おかげ様でほぼ集団を壊滅させることができた。

俺はアルノルトに近寄っていく。

「ひっ…!」

「お前を殺すつもりはない。しっかりと国王の裁きを受けろ」

俺は逃げようとするアルノルトを『蜘蛛の糸』でぐるぐる巻きにして担ぐ。

「フェルナンドさん、ファブリスをよろしくお願いします」

「は、はい!うんしょっ……」

そう言うと彼女はまた呪文を唱えだし魔法陣のなかにファブリスを引きずっていった。

俺もその後を追う。

抜けた先には寝室があった。

フェルナンドがファブリスをベッドに寝かせると俺はフェルナンドと共に国王の元へとむかった。

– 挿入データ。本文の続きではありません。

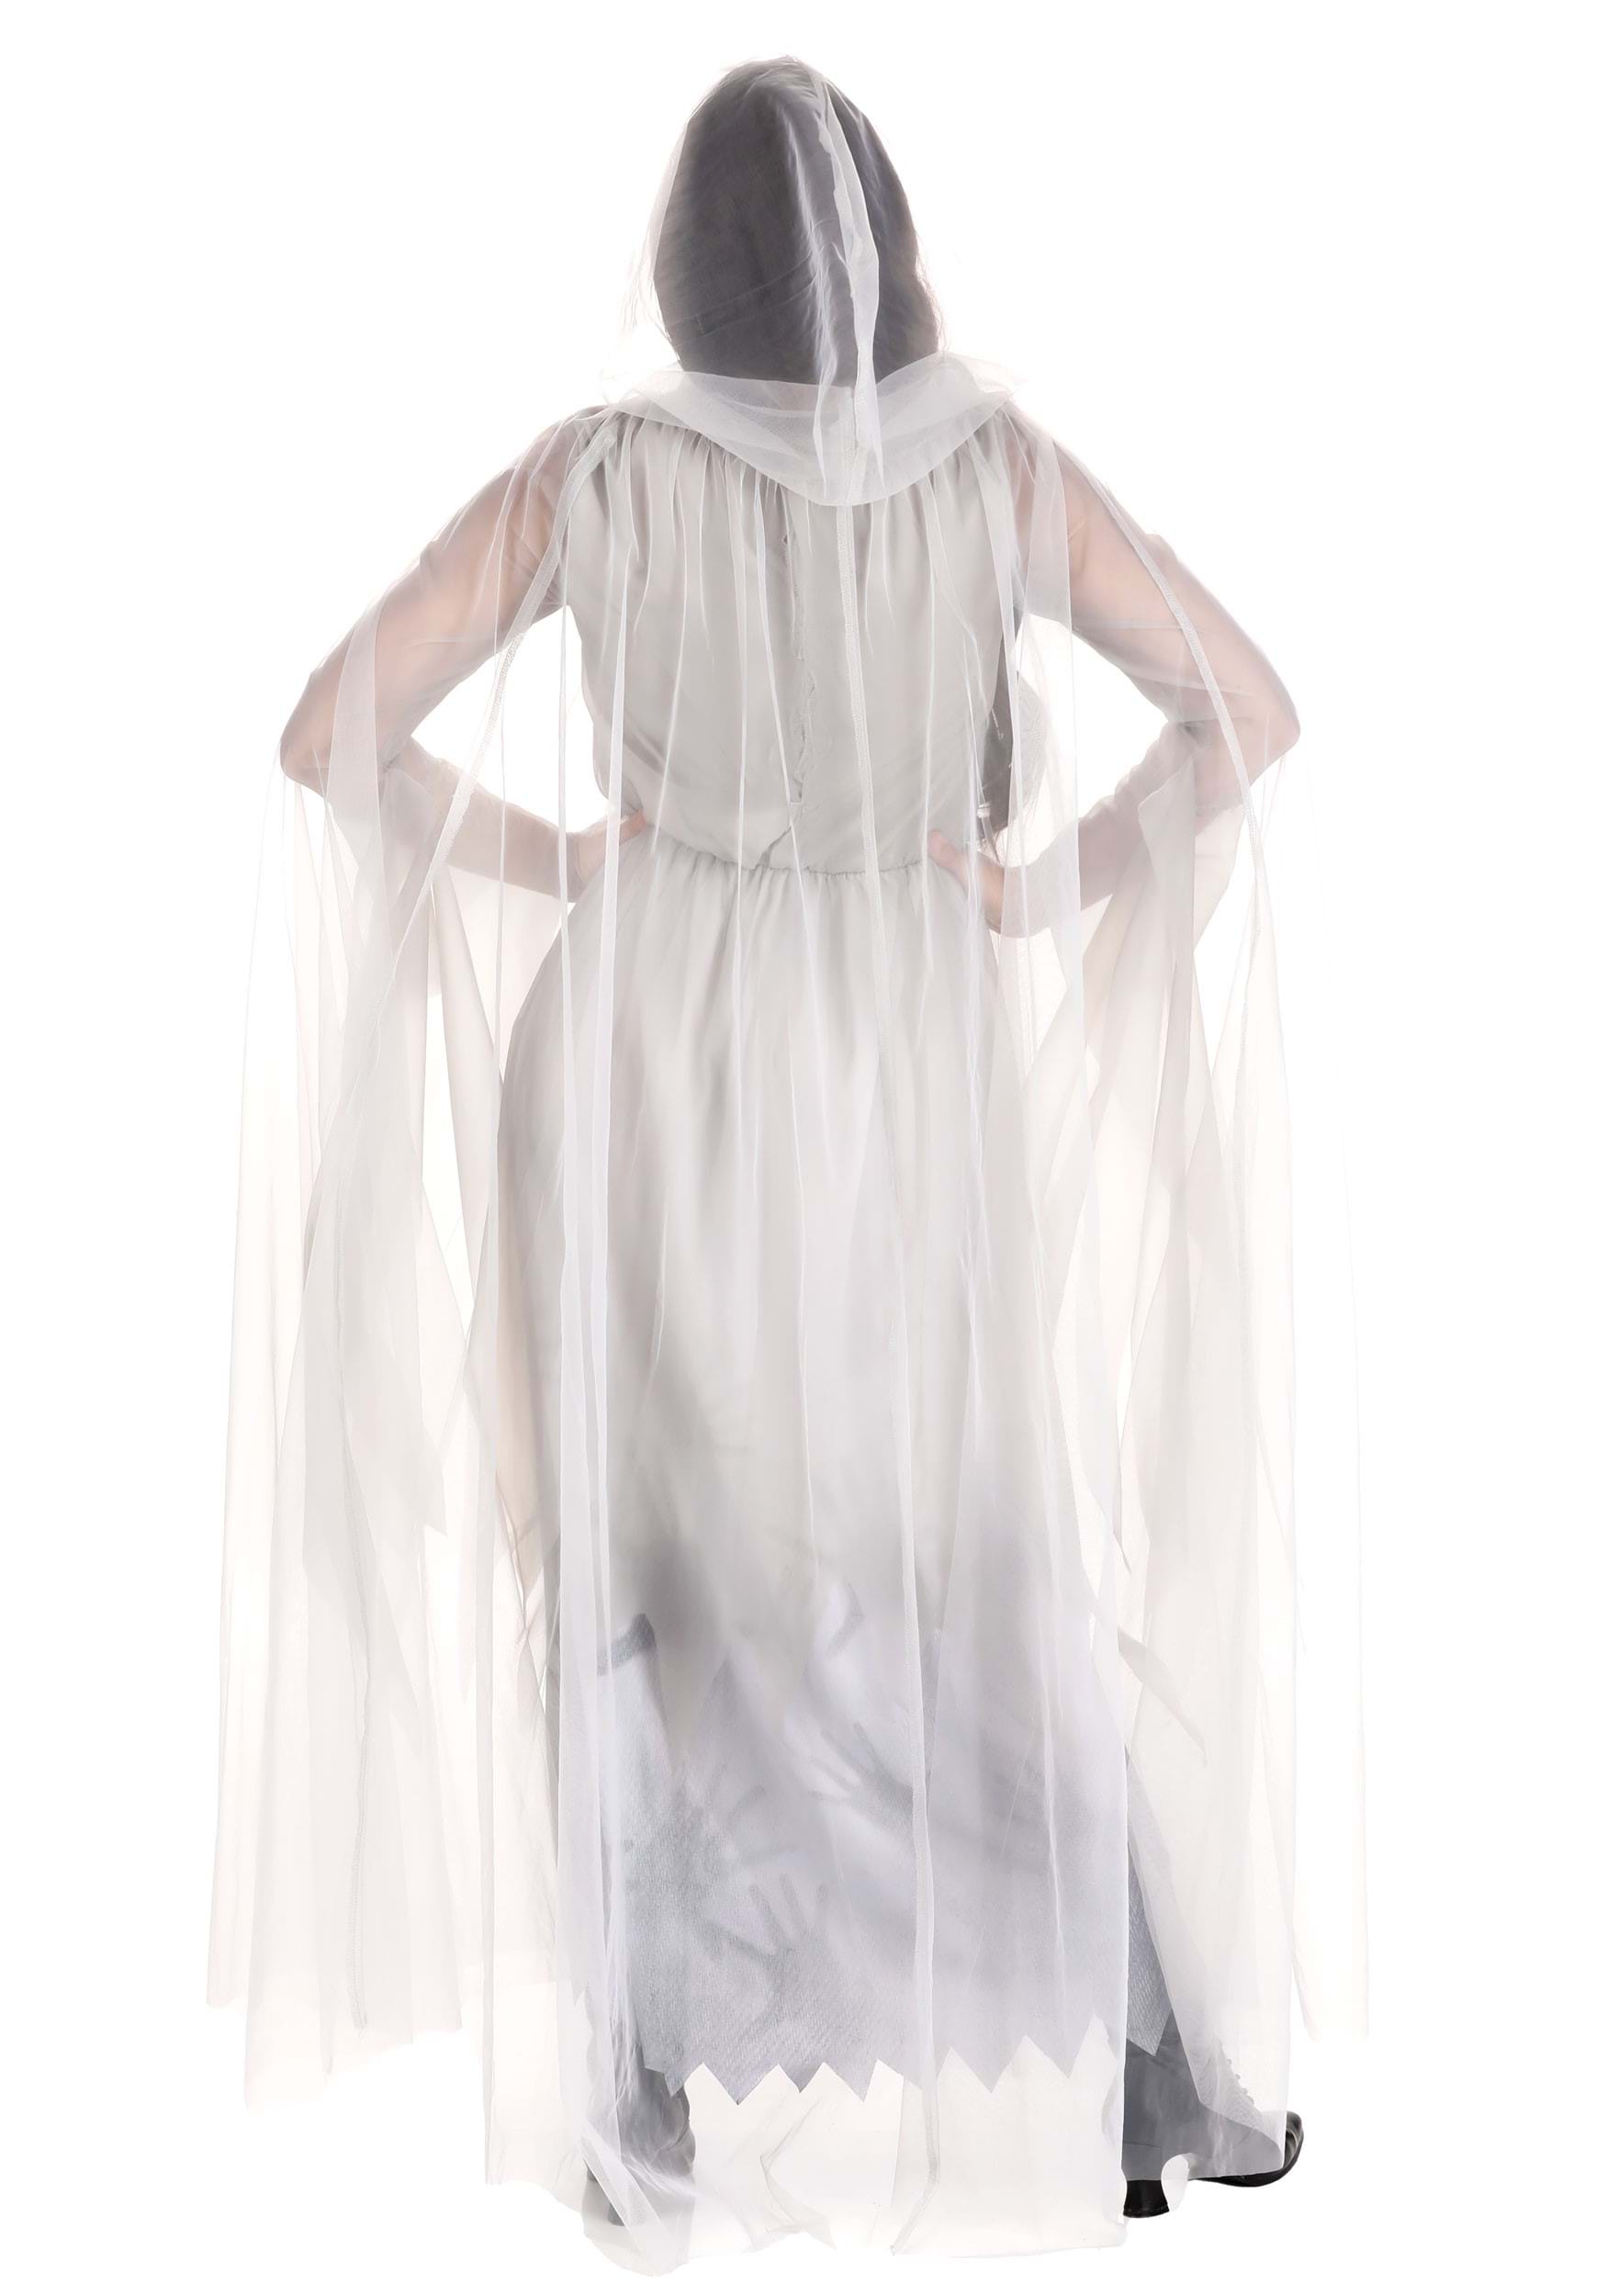 Adult Lady in White Ghost Costume
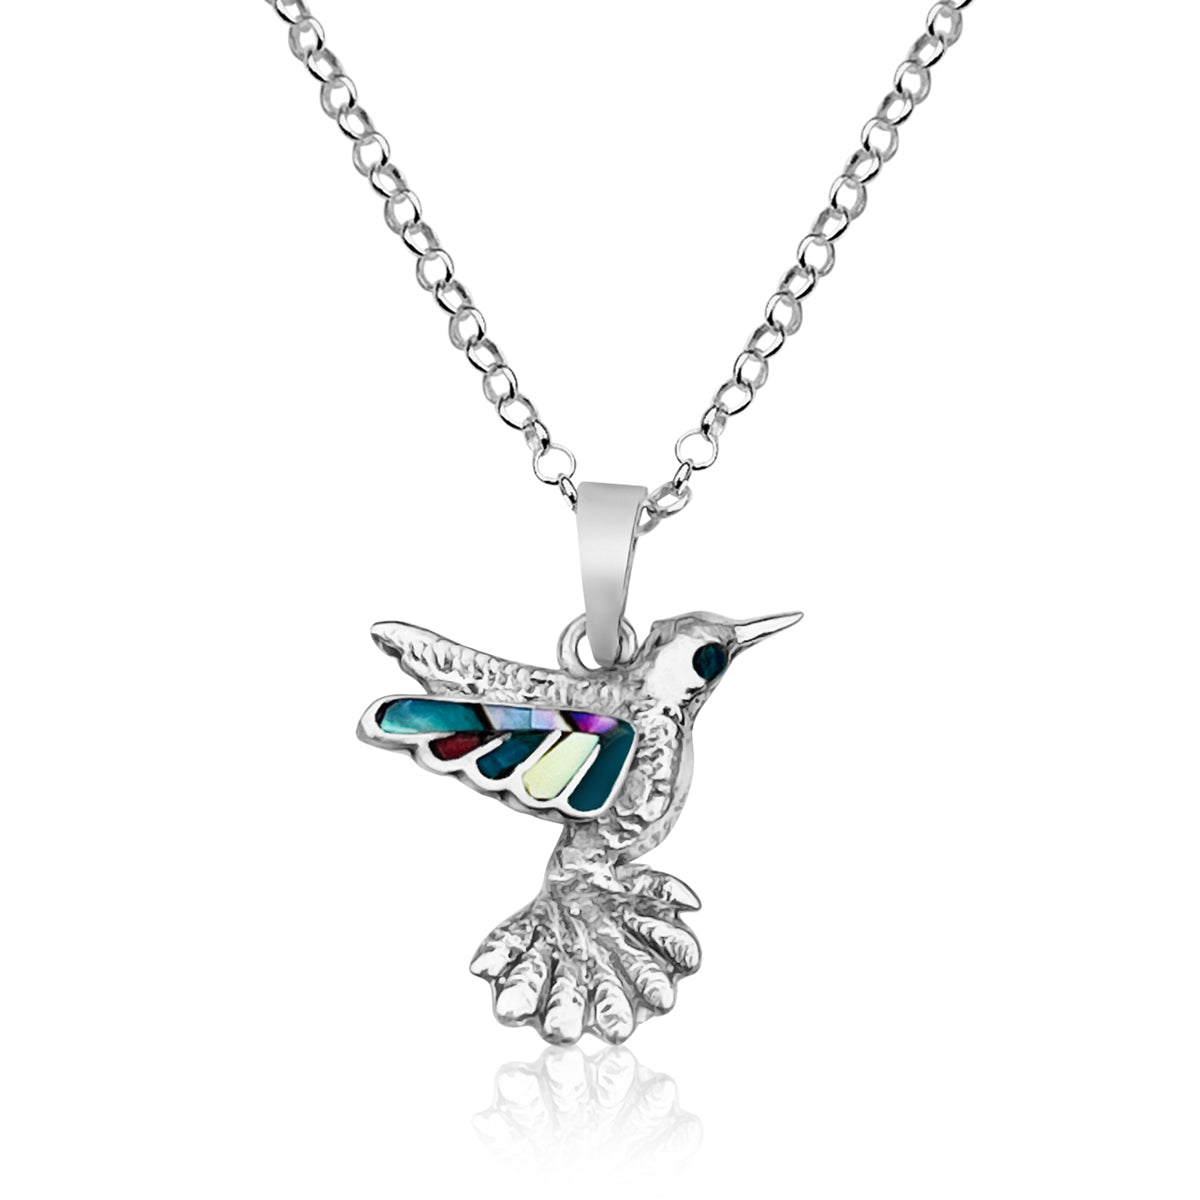 The Lightness of Being Sodalite Sterling Silver Necklace with a Hummingbird

国王は最初、ミイラのようなものを担いできたのを見て驚いていたがそれがアルノルトだと知った瞬間にアルノルトがなにかしたか聞いてきたがコイツがやったことをすべて暴露してやると激怒していた。

「貴様!それは本当か!」

「ご、誤解です父上!こやつが嘘を……」

「たわけ!『千年越しの悪夢』という名で恐れられたルーナ様を怒らせたらどうなってるのかわかっているのか!」

「父上!こんなやつが『千年越しの悪夢』様なわけないではありませんか!証拠をお見せください!」

アルノルトが証拠なんてないんだろうという顔でこちらを向く。

その汚らしい顔で見るな下民が。

「私がその『千年越しの悪夢』だという証拠はありますよ?」

「なに?」

「守護神のファブリスに聞けばわかるし私が真の姿をお見せしましょうか?まあたぶんあなたと戦ったときに使っていた剣と同じだろうがな」

「フェルナンド、ファブリスを呼んできなさい」

「しかしお父様!いまあのひとは…」

「大丈夫。話せる…」

みんなが一斉に声がしたほうをむく。

「お兄ちゃん!」

「大丈夫か?」

俺もファブリスに近寄っていく。

「大丈夫。で、俺が証人をすればいいんだろ?親父」

「あ、ああ」

「まず俺はゴライ大迷宮の最下層と中層の狭間に閉じ込められて雑魚いやつらを捕まえて食ったりしてたわけだがつい最近、まだ人化してないコイツが俺のところにやってきたんだ。俺がそこでコイツを神器と判断した。間違いない」

「元守護神のファブリスがそう言ってるんだからそうなのだろう。アルノルト、貴様には色々と聞くことがあるようだな。連れていけ!」

そう言うと部下たちがアルノルトをつかんで連れて行こうとする。

「待ってください父上!父上ぇええええええ!!!」

そうしてアルノルトは退場していった。